* PROBLEM DETAILS: A faithful transcription is wanted of the lines from the top of the material through the line that holds "Weed Eater 530088833", both ends included, leaving out the pictures.
(DATA)
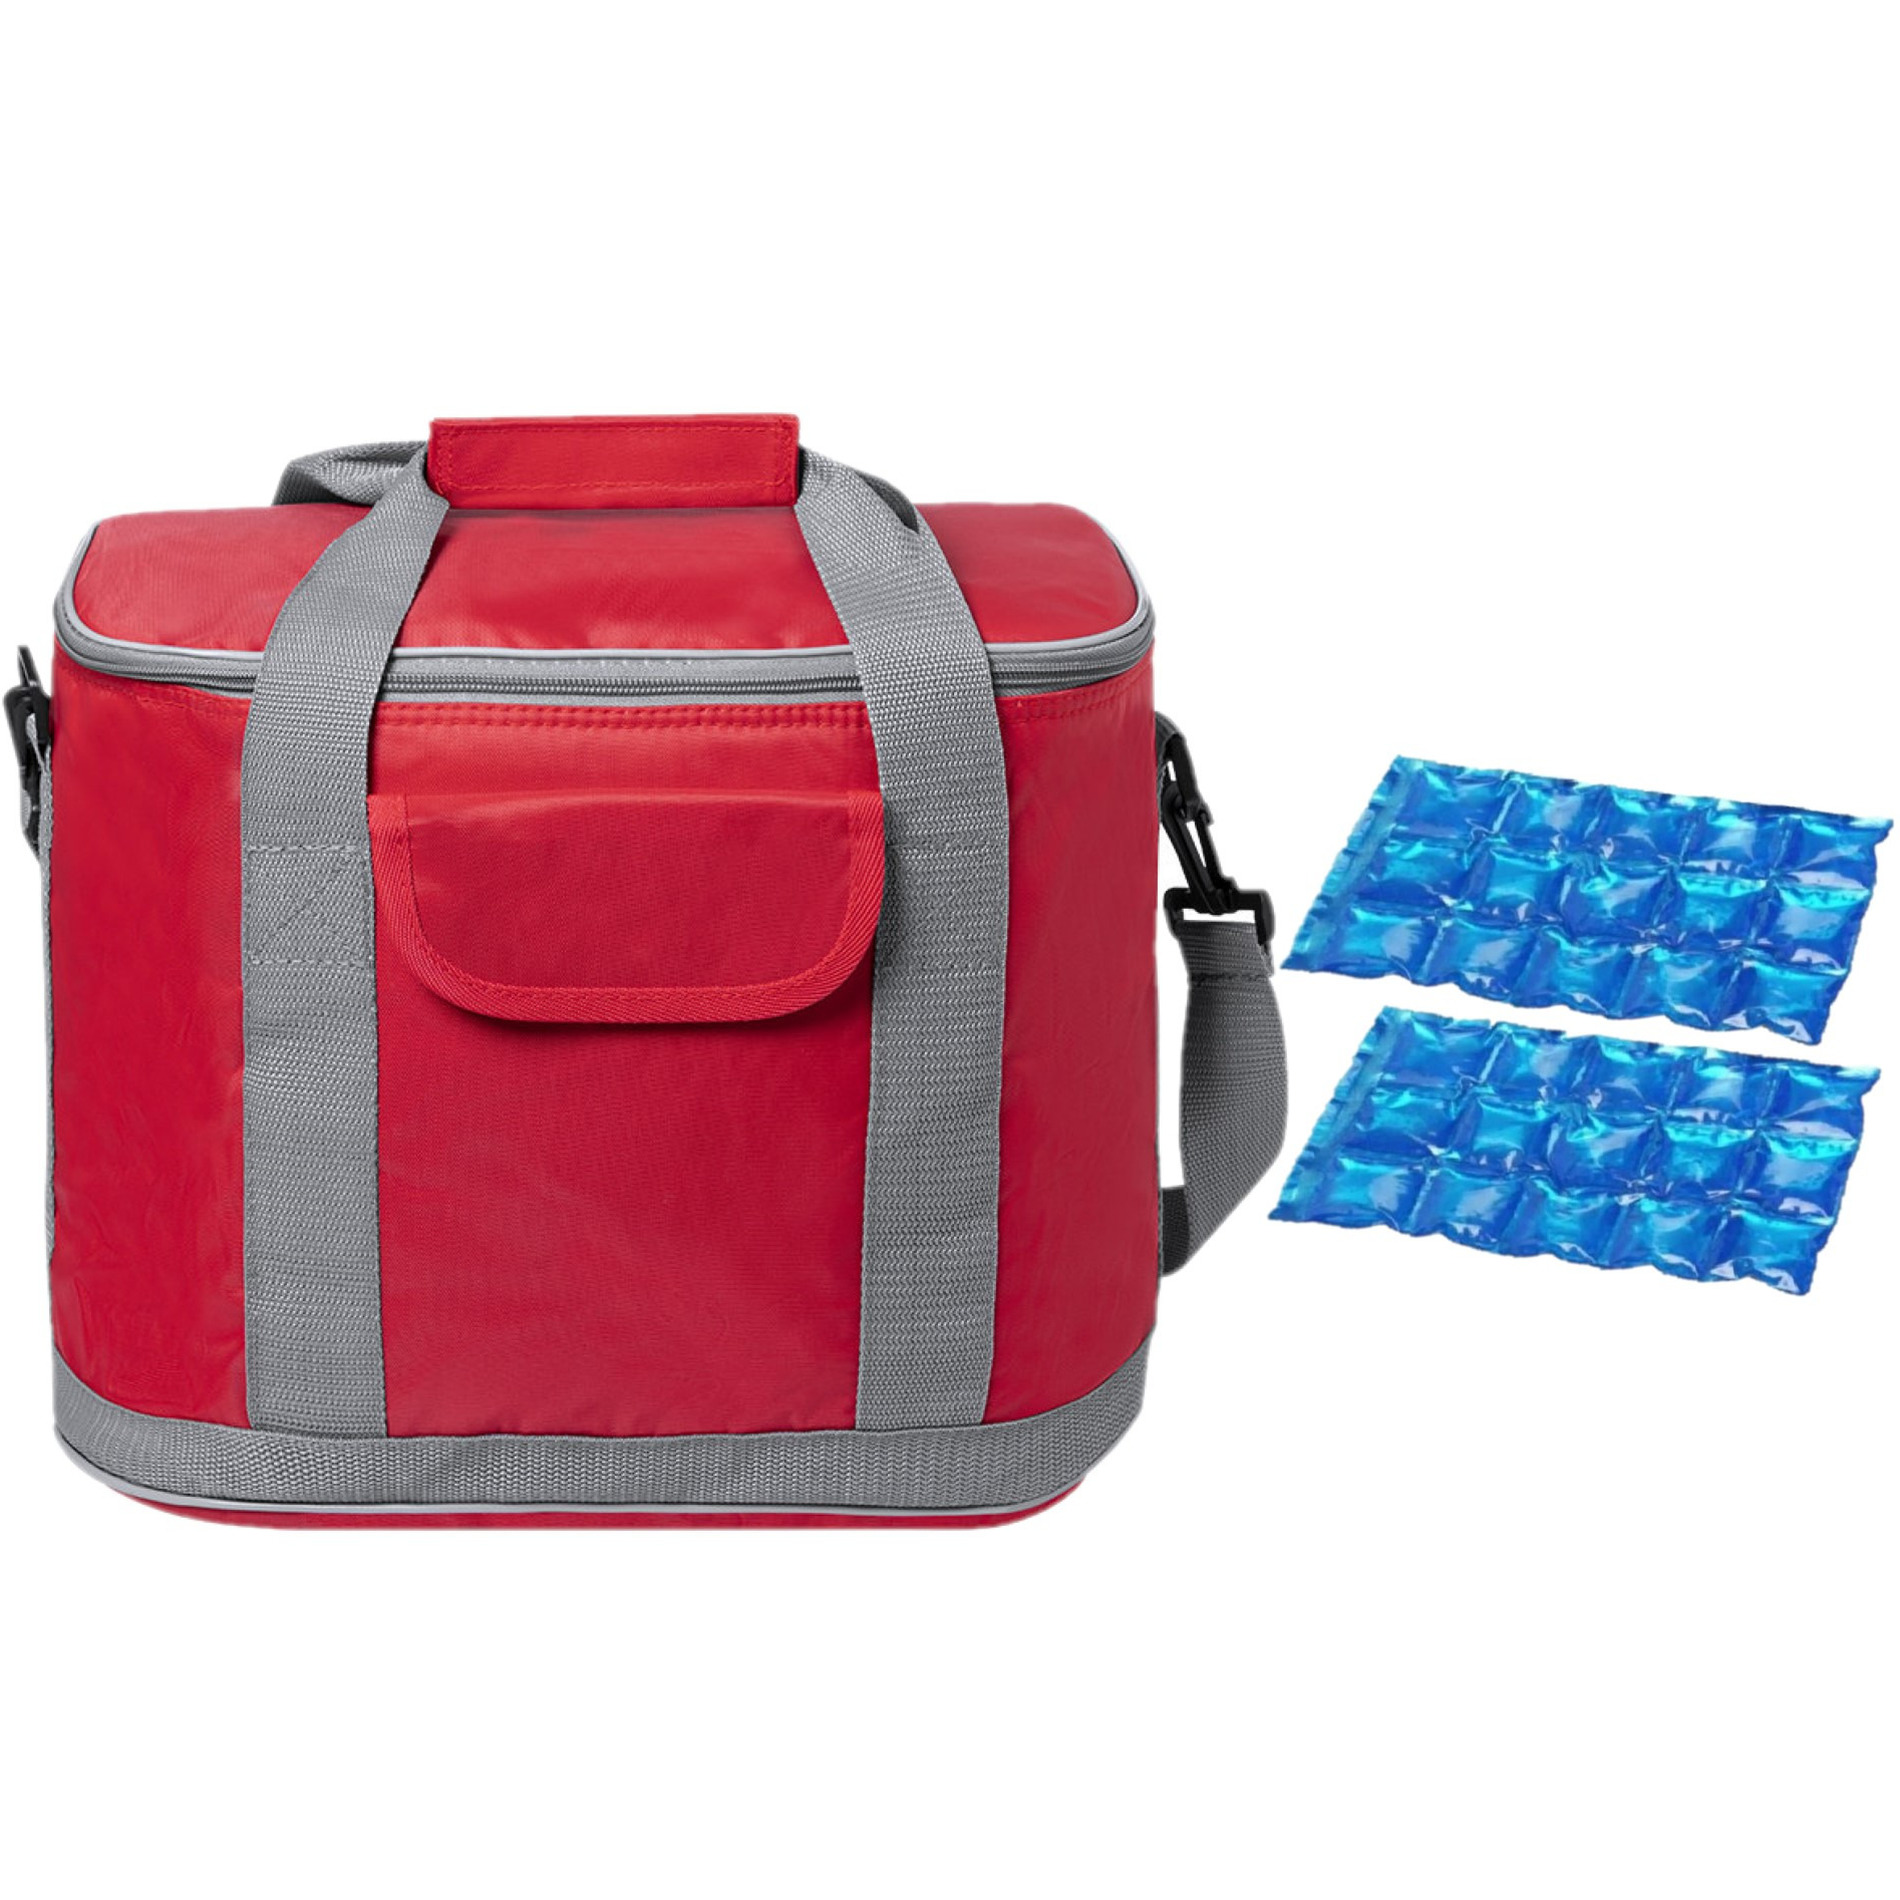 Grote koeltas draagtas-schoudertas rood met 2 stuks flexibele koelelementen 22 liter
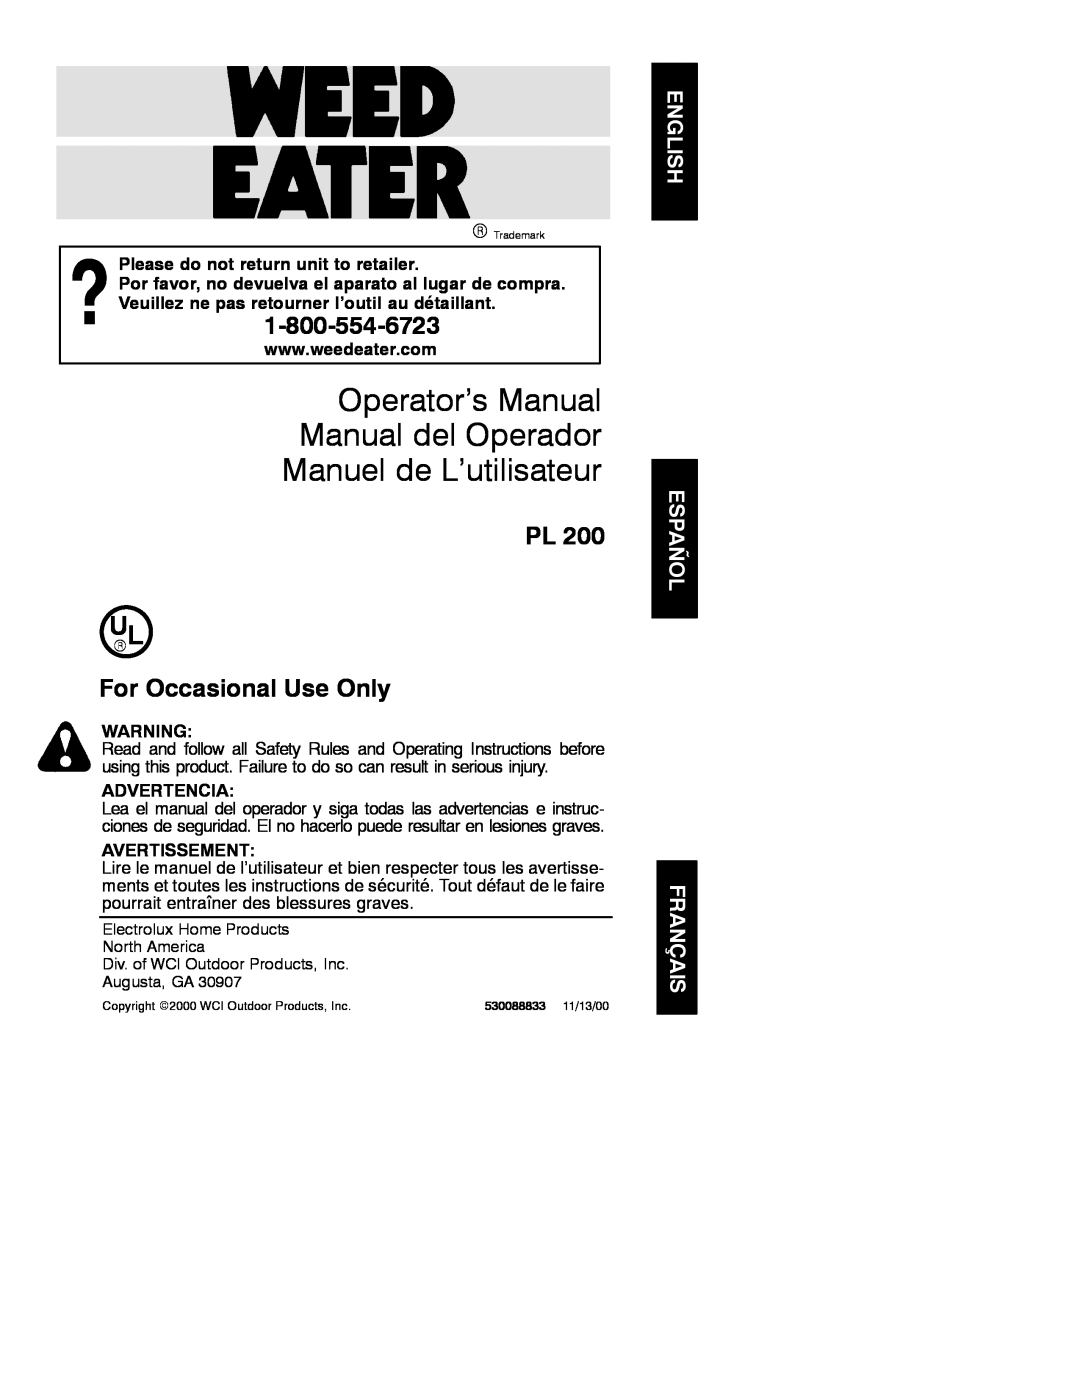 Weed Eater 530088833 operating instructions Operator’s Manual Manual del Operador Manuel de L’utilisateur, Advertencia 
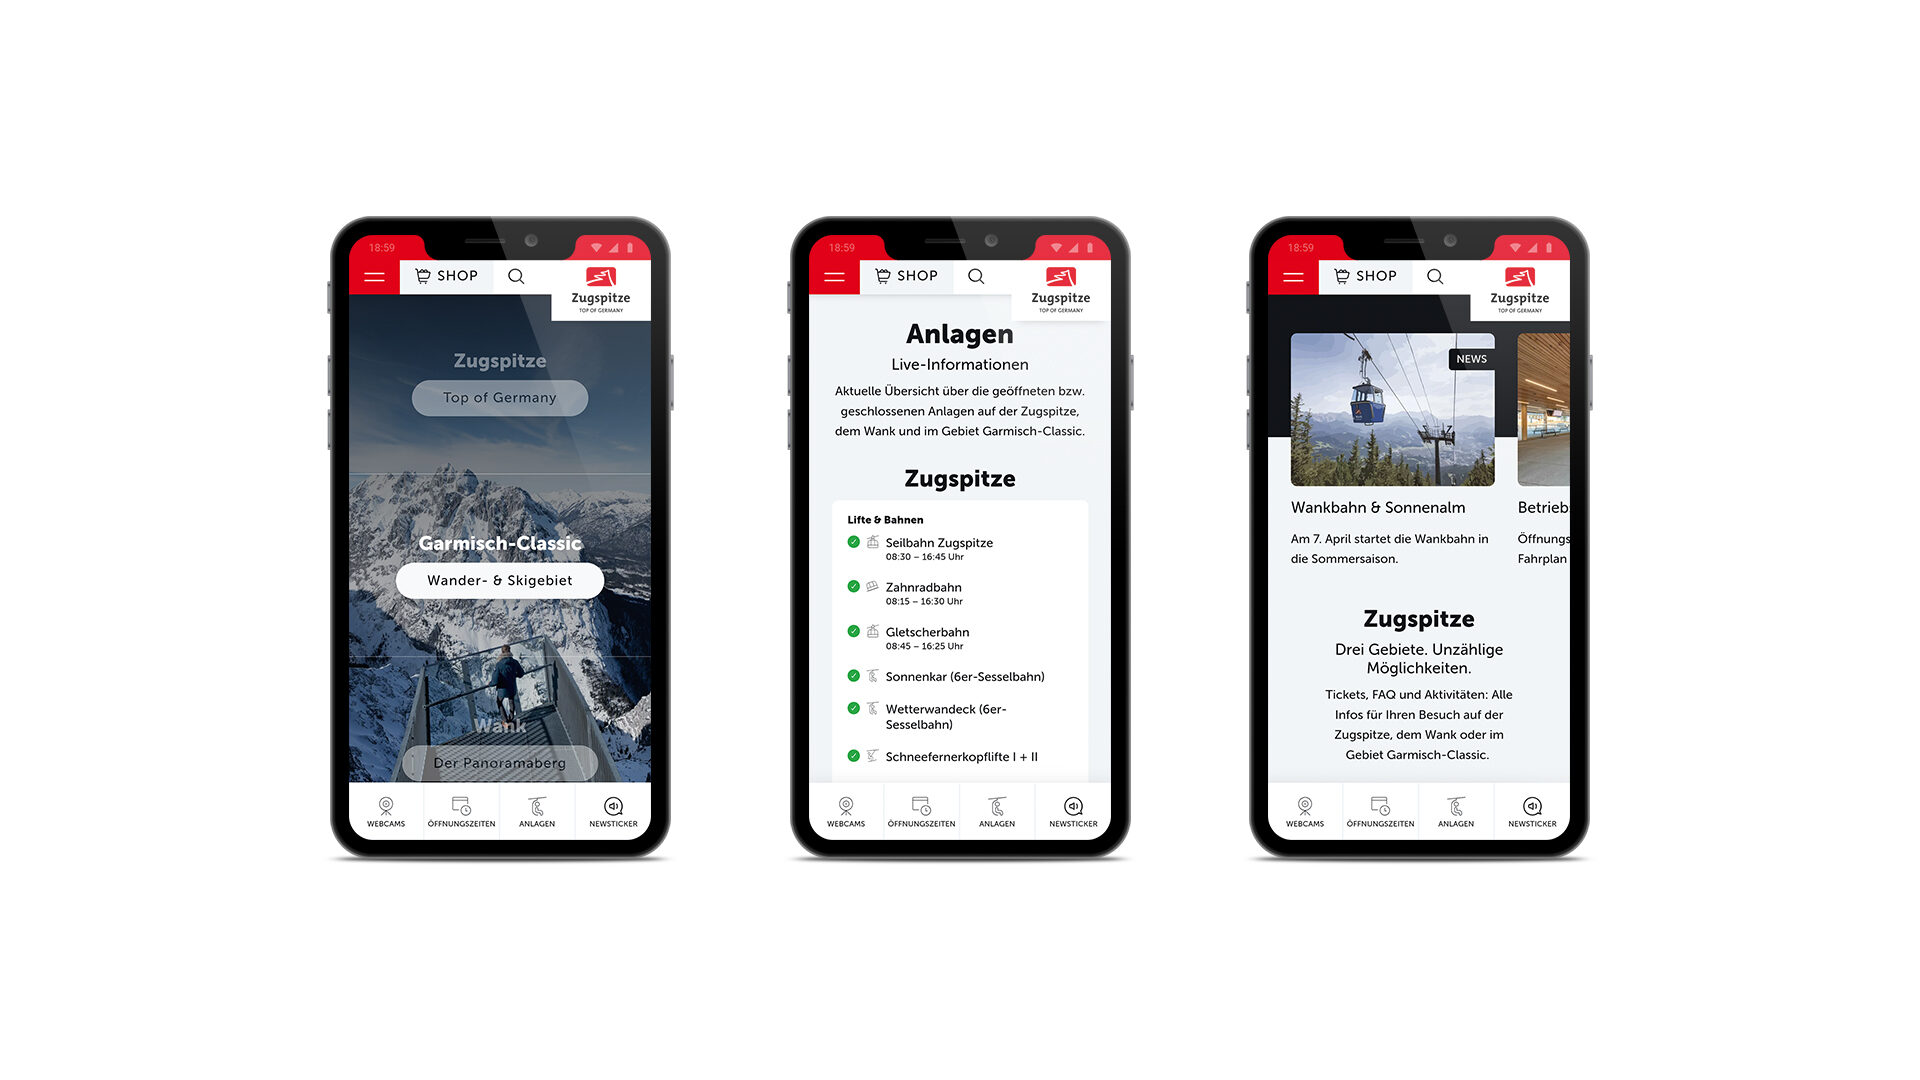 Mockup von der neuen Website der Bayerischen Zugspitzbahn Bergbahn AG. Dargestellt auf drei Smartphones.
(End DATA)
* EXERCISE RESULT:
 Grote koeltas draagtas-schoudertas rood met 2 stuks flexibele koelelementen 22 liter
 Weed Eater 530088833 operating instructions Operator’s Manual Manual del Operador Manuel de L’utilisateur, Advertencia 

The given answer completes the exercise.